I am supposed to show that if $f$ and $g$ are continuous, real-valued functions on $\mathbb{R}$, then if $f=g\;\;$, $\lambda$-a.e., then $f=g$ everywhere.
So I have been reading and I think that this question is saying that these two functions are mappings like, $$f,g:=(\mathbb{R},\mathcal{L}) \stackrel{\lambda^{\ast}}{\to} (\mathbb{R},\mathcal{B}(\mathbb{R})).$$
I started my argument by saying:
If $f,g$ are $\lambda$-a.e. on $\mathbb{R}$ then $\exists$ a set $E:=\{x \in \mathbb{R} : f \neq g\}$. But the claim incorporates that $f=g$ everywhere and so there can't exist a set on $\mathbb{R}$ that has Lebesgue outer measure zero, i.e. all sets on $\mathbb{R}$ must have positive Lebesgue measure….

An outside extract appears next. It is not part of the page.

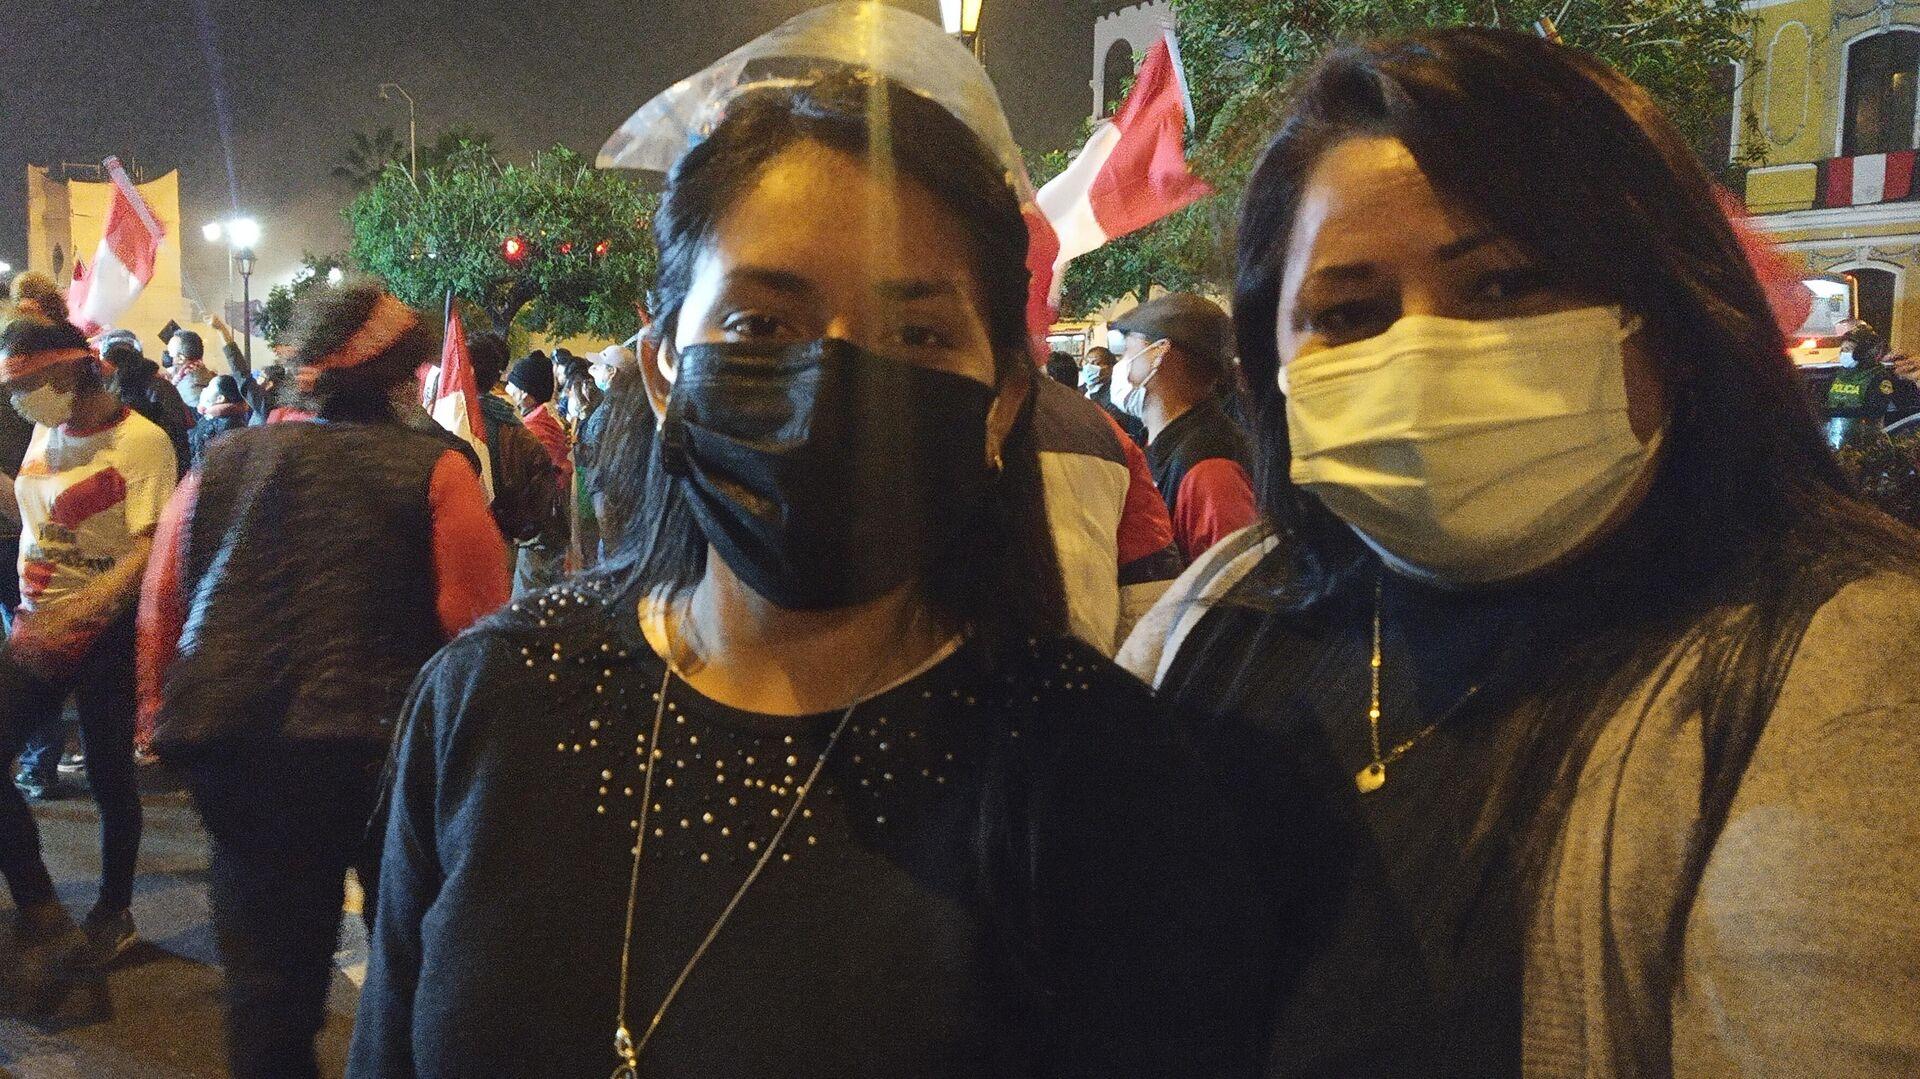 Kathy Justo, a la derecha, en apoyo a Keiko Fujimori - Sputnik Mundo, 1920, 17.06.2021

I think the reason there is no set of zero Lebesgue measure is because the preimage of all similar type sets in the Borel algebra, $\mathcal{B}(\mathbb{R})$, is included in a similar set in the algebra of Lebesgue measurable sets $\mathcal{L}$. But, aren't there Lebesgue measurable sets of zero Lebesgue measure – the countable $\mathbb{N}$ for instance? Or does it not count because the preimage is coming from a Borel algebra, even though a Borel set has measure zero too?
Thanks for any help in clearing this up for me.
Best Answer
If $f$ and $g$ are a.e. equal, show that the set $\{x\in\mathbb R:f(x)= g(x)\}$ is dense. The using the fact that $f$ and $g$ are continuous, show that $f=g$ on all of $\mathbb R$.
Altenratively, show that if $f\neq g$, then $f$ and $g$ differ on a whole open interval, so that the set $\{x\in\mathbb R:f(x)= g(x)\}$ is not almost $\mathbb R$.